BRIEF
Reproduce the first line of the entries that follow and each later line, word for word, ending with the one containing "Crochet Cape Patterns".

(DATASET EXTRACT)

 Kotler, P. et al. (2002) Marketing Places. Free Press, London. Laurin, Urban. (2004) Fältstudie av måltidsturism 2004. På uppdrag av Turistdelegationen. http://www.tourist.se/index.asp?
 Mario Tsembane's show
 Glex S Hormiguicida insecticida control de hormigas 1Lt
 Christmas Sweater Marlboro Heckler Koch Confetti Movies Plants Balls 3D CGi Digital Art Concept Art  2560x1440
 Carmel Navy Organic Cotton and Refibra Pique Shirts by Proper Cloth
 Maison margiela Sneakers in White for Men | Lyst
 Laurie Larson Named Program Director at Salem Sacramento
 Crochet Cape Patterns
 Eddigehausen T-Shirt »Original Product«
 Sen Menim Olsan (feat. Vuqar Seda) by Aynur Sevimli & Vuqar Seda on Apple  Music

(End DATASET EXTRACT)

OUTPUT OF THE TASK
 Kotler, P. et al. (2002) Marketing Places. Free Press, London. Laurin, Urban. (2004) Fältstudie av måltidsturism 2004. På uppdrag av Turistdelegationen. http://www.tourist.se/index.asp?
 Mario Tsembane's show
 Glex S Hormiguicida insecticida control de hormigas 1Lt
 Christmas Sweater Marlboro Heckler Koch Confetti Movies Plants Balls 3D CGi Digital Art Concept Art  2560x1440
 Carmel Navy Organic Cotton and Refibra Pique Shirts by Proper Cloth
 Maison margiela Sneakers in White for Men | Lyst
 Laurie Larson Named Program Director at Salem Sacramento
 Crochet Cape Patterns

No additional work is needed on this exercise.